**Recorded information:**
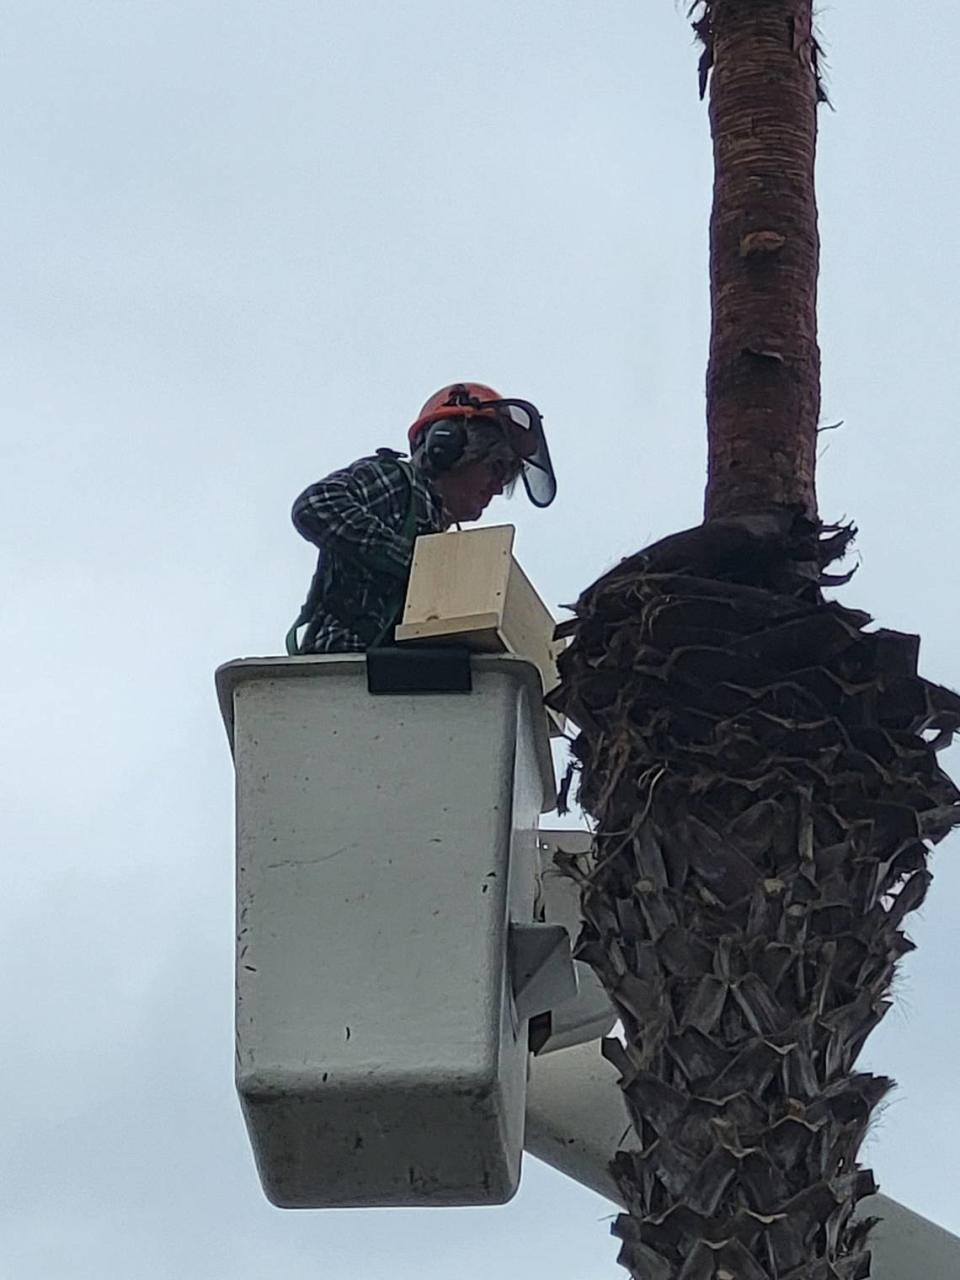 Sean Ellis from Coastal Tree Experts installs a bird house for a pair of kestrels on a palm tree in Morro Bay in March 2024.
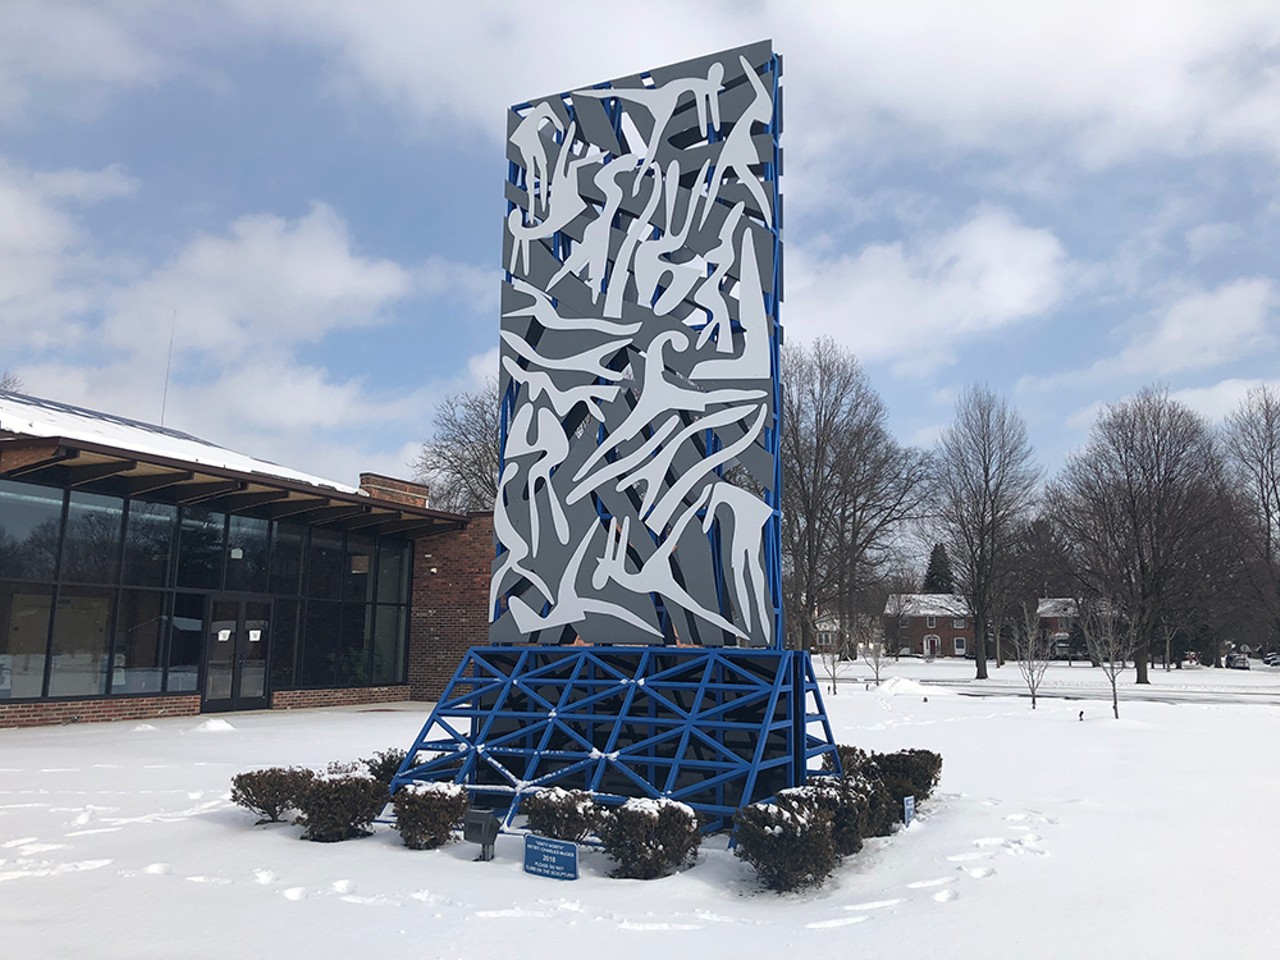 &#147;Unity North&#148;
North Rosedale Park Comunity House; 18445 Scarsdale St, Detroit;  313-837-3416; nrpca.org
Completed in 2018, this sculpture stands outside the North Rosedale Park Comunity House, near where McGee lived.
Photo by Lee DeVito
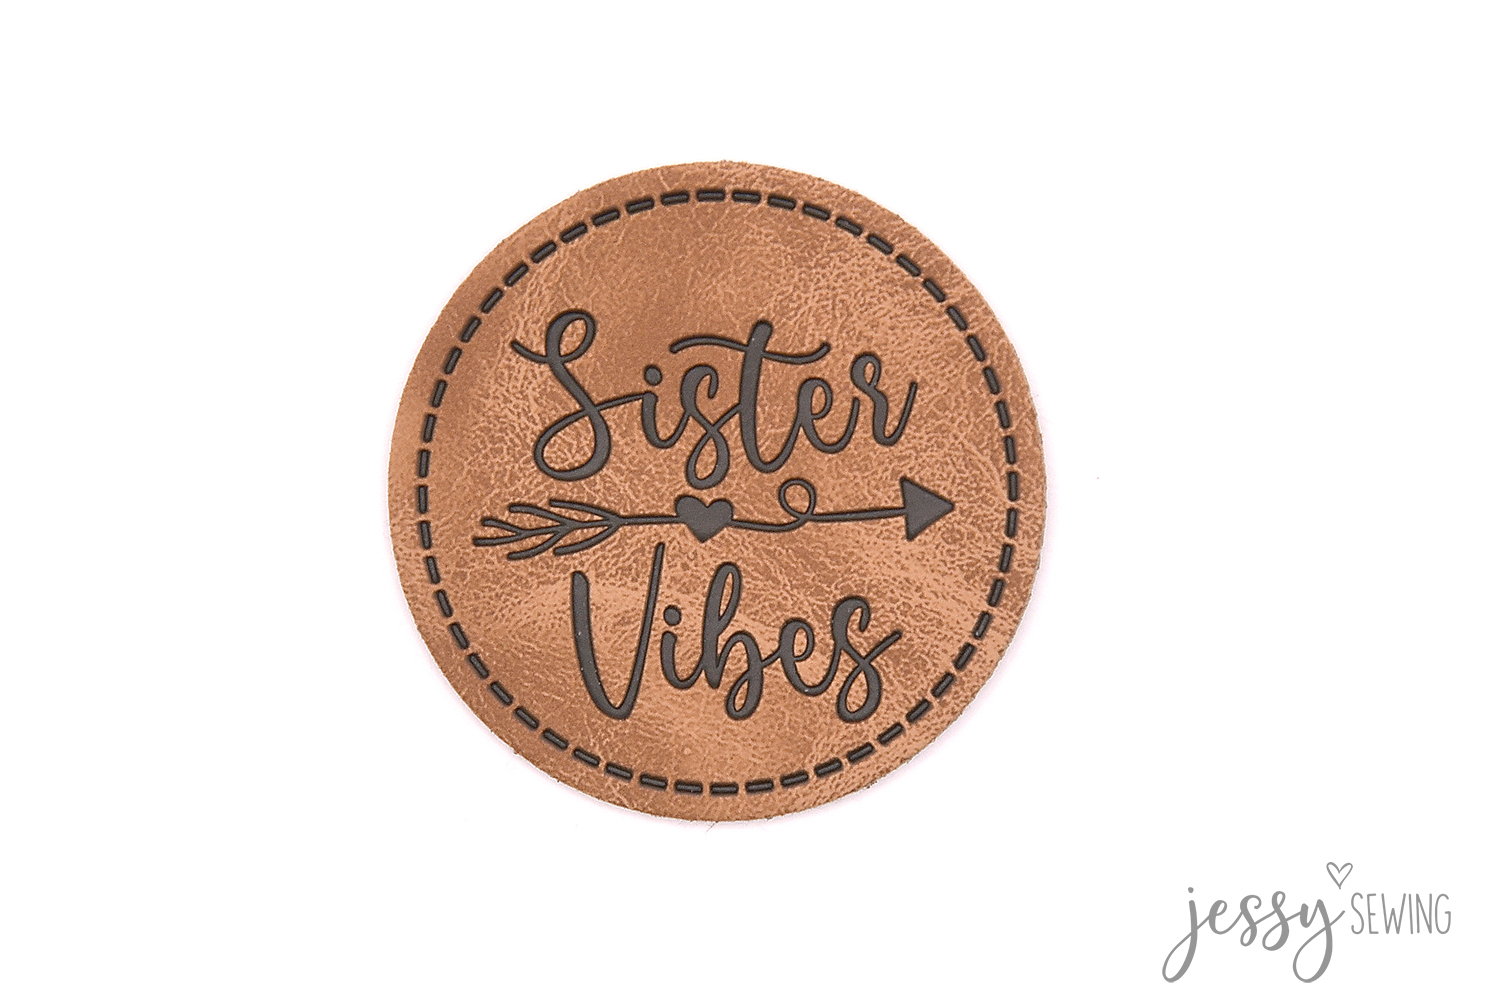 #113 Label "Sister Vibes"
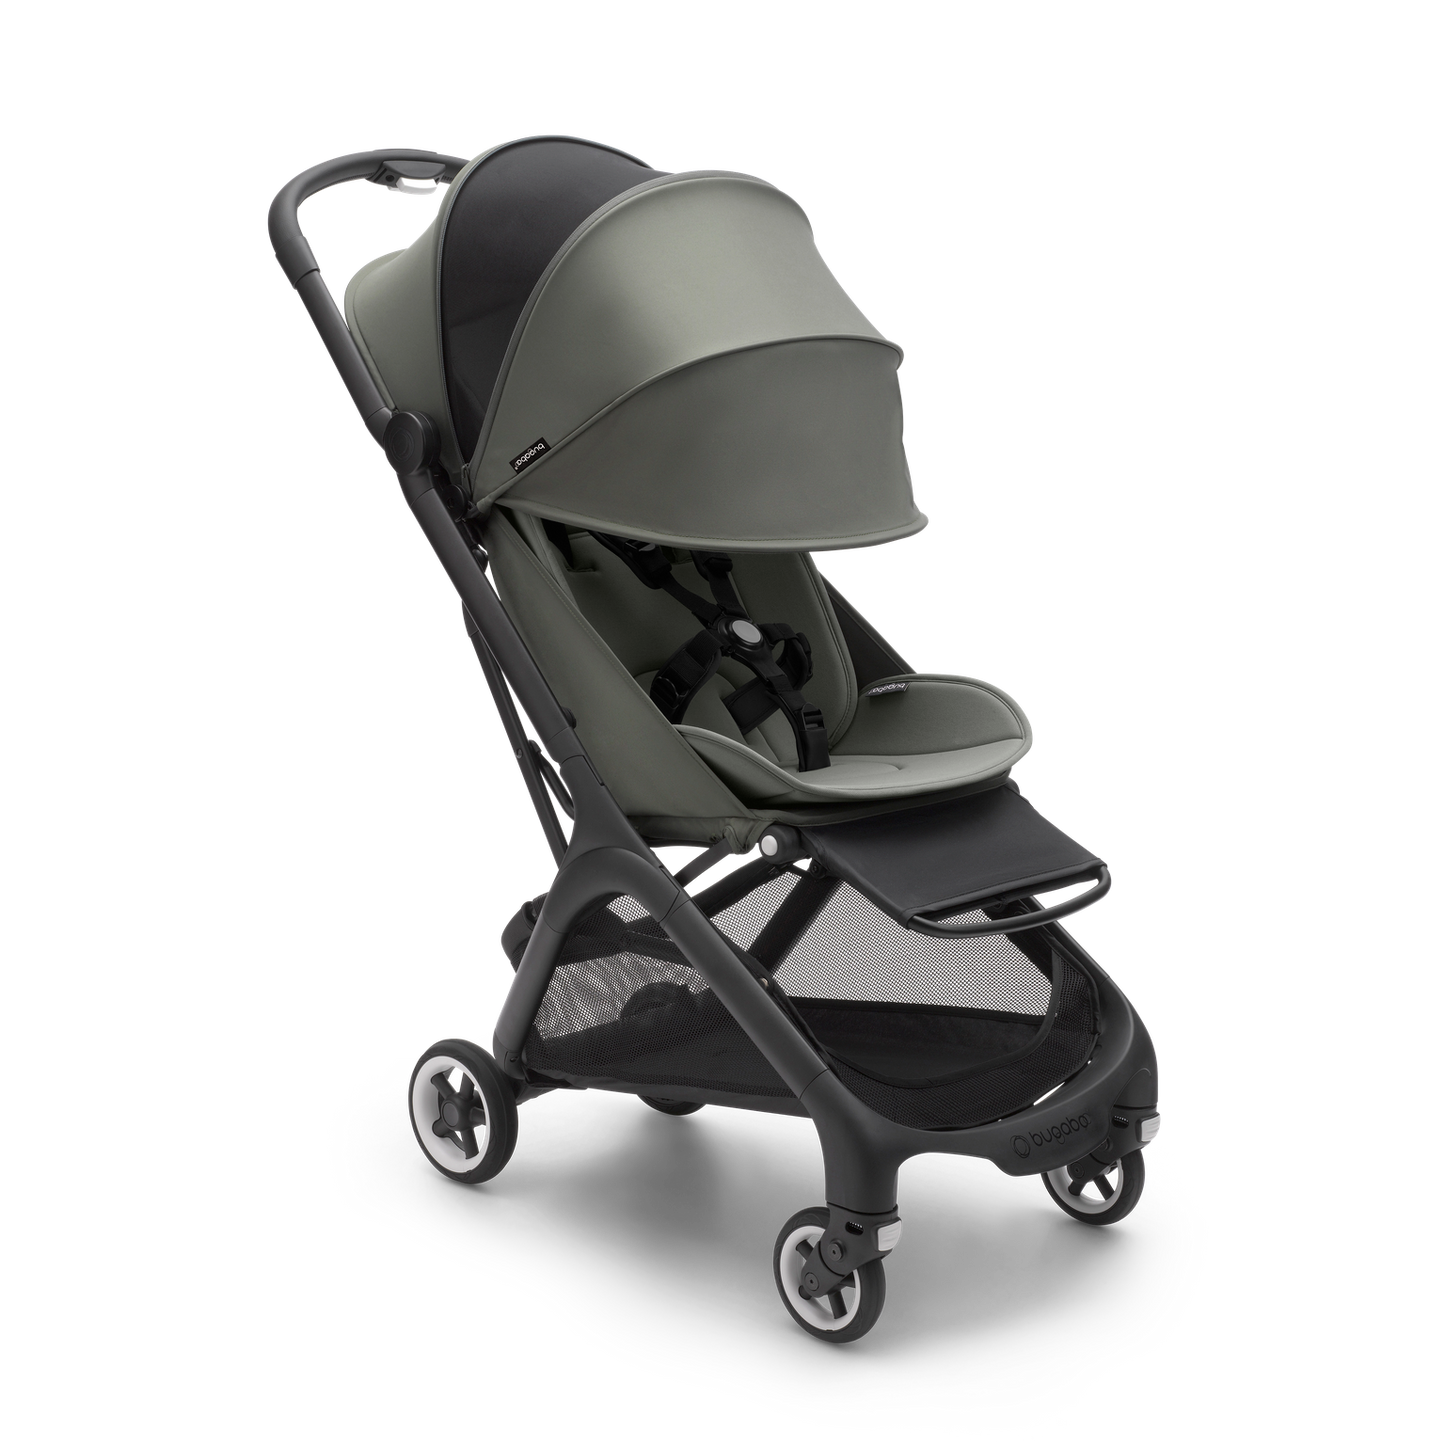 Bugaboo Butterfly Compact Stroller | Forest Green | Travel Lightweight Buggy | Canopy
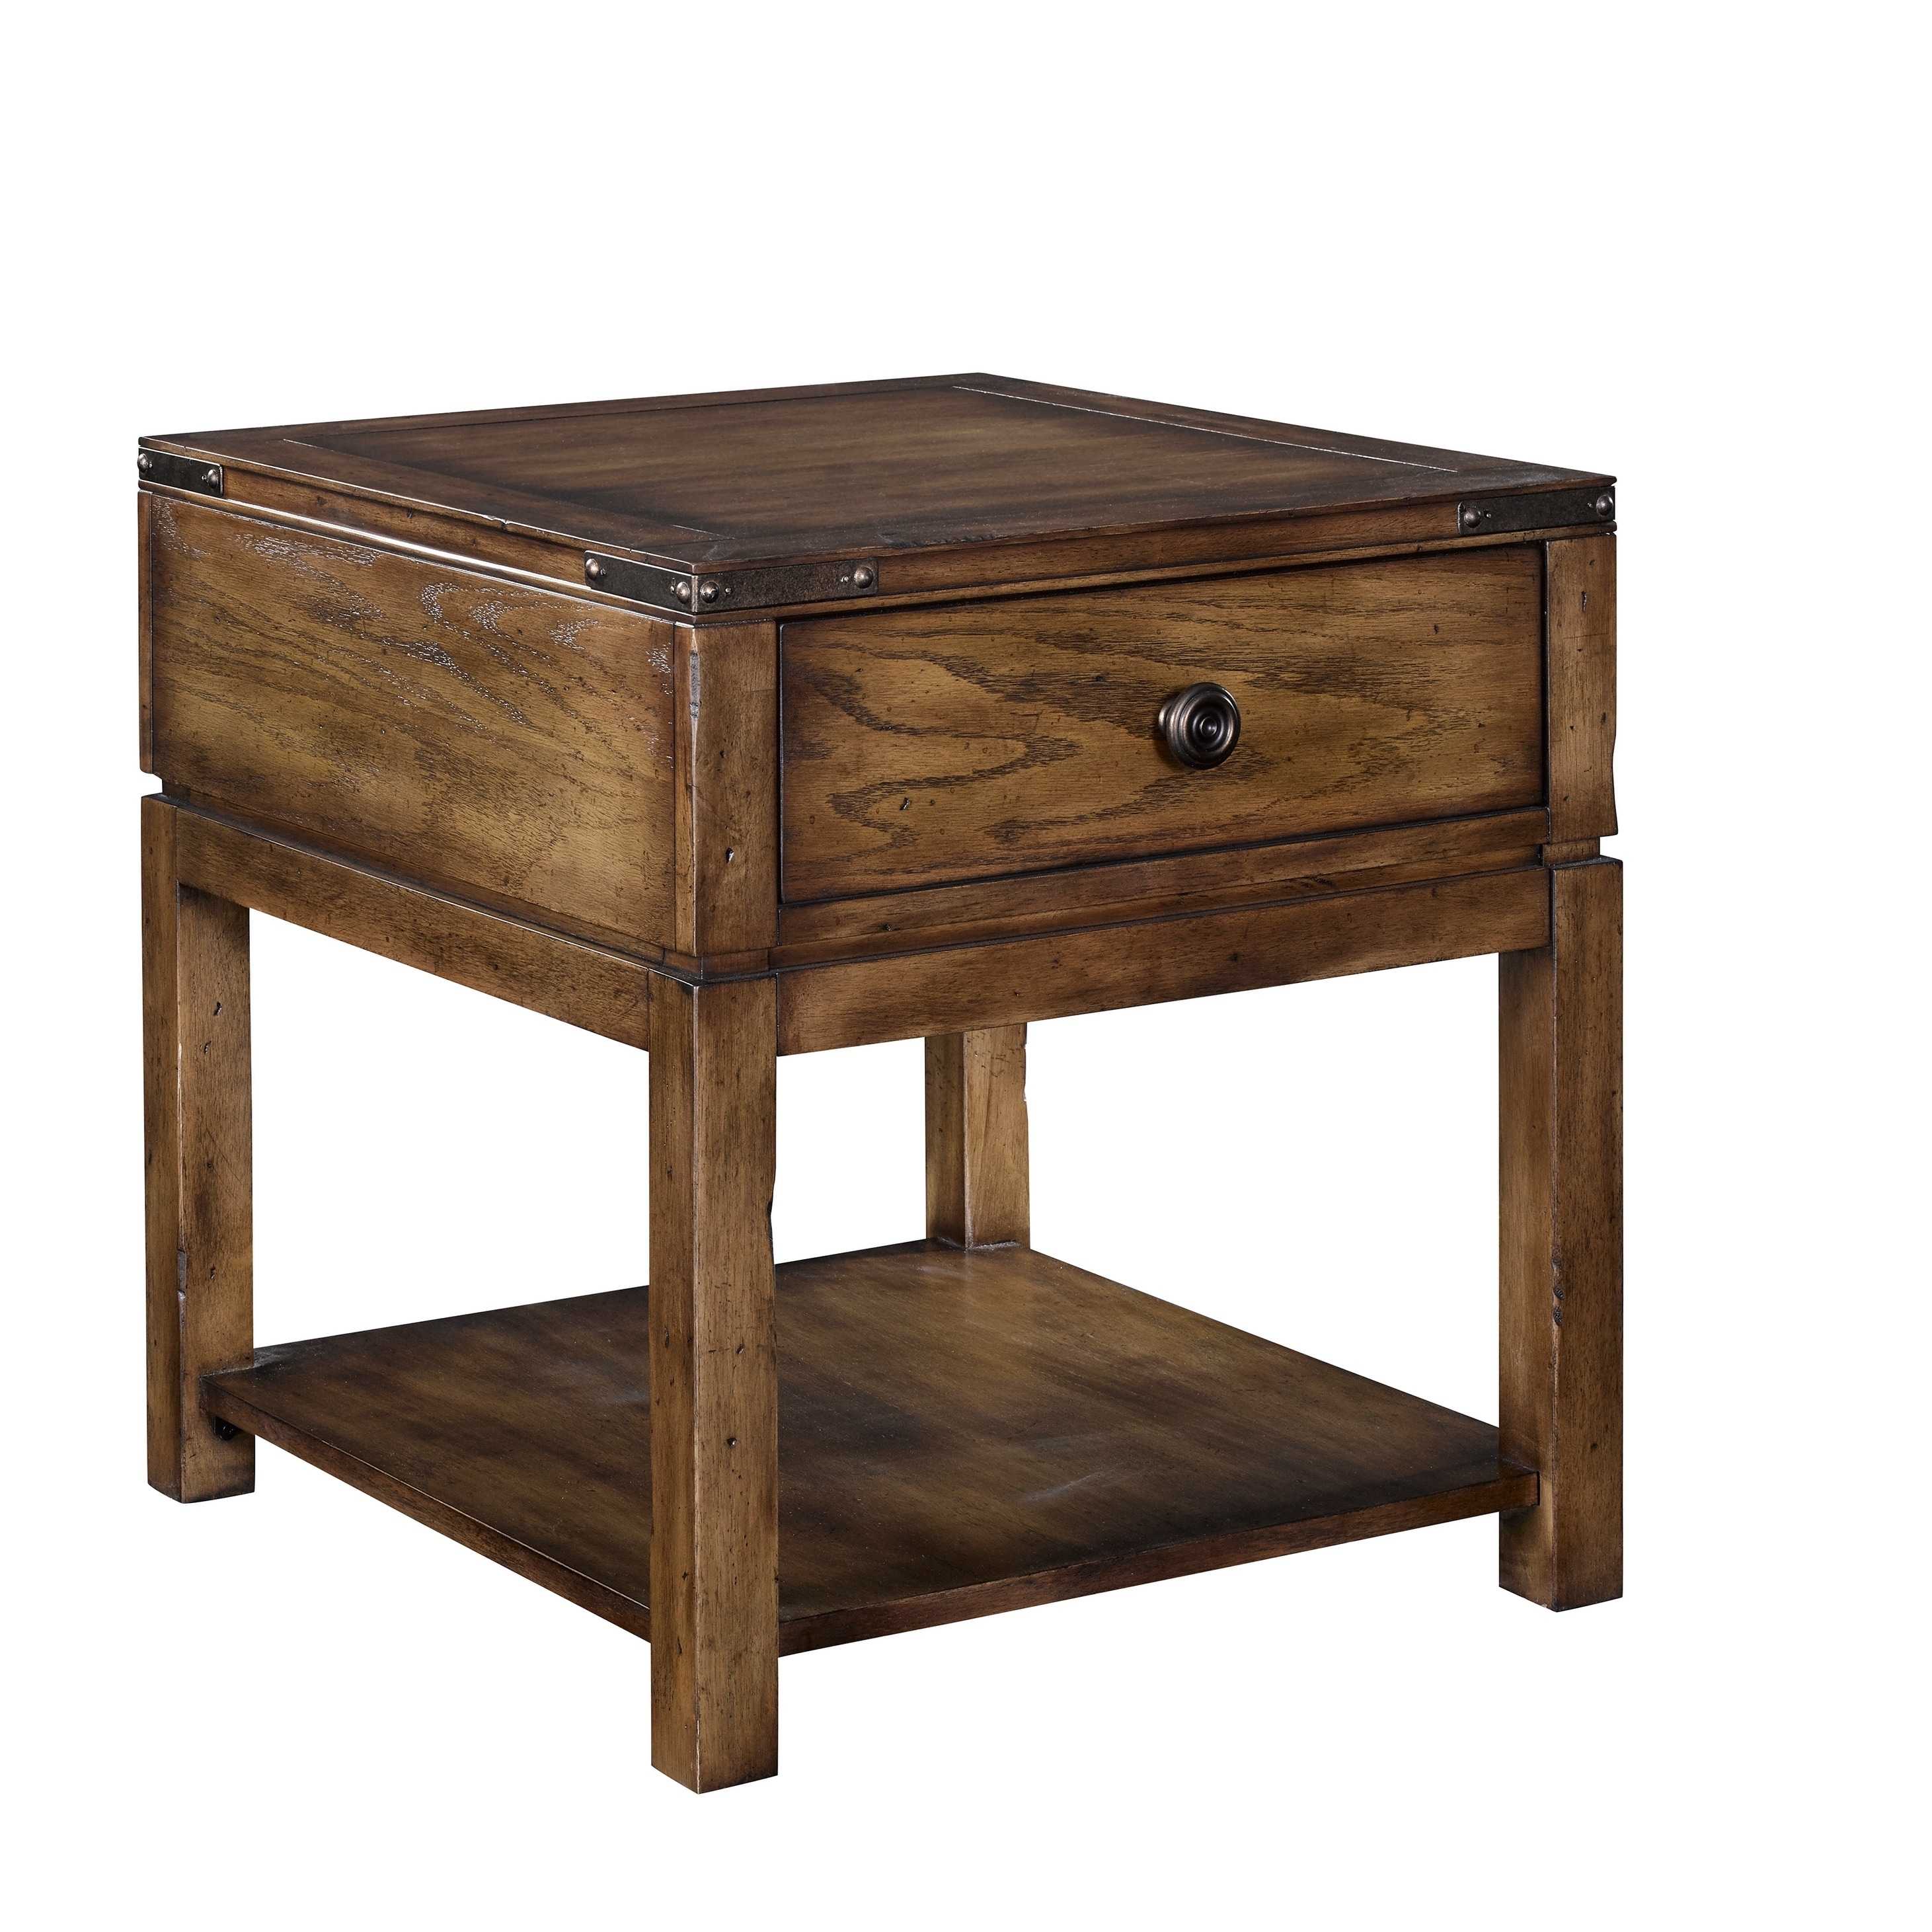 Shop Broyhill Pike Place Drawer End Table Overstock 21621538

**What needs to be done:**
For every line above that includes the word "Comunity", return the line.

**Solution for this exercise:**
North Rosedale Park Comunity House; 18445 Scarsdale St, Detroit;  313-837-3416; nrpca.org
Completed in 2018, this sculpture stands outside the North Rosedale Park Comunity House, near where McGee lived.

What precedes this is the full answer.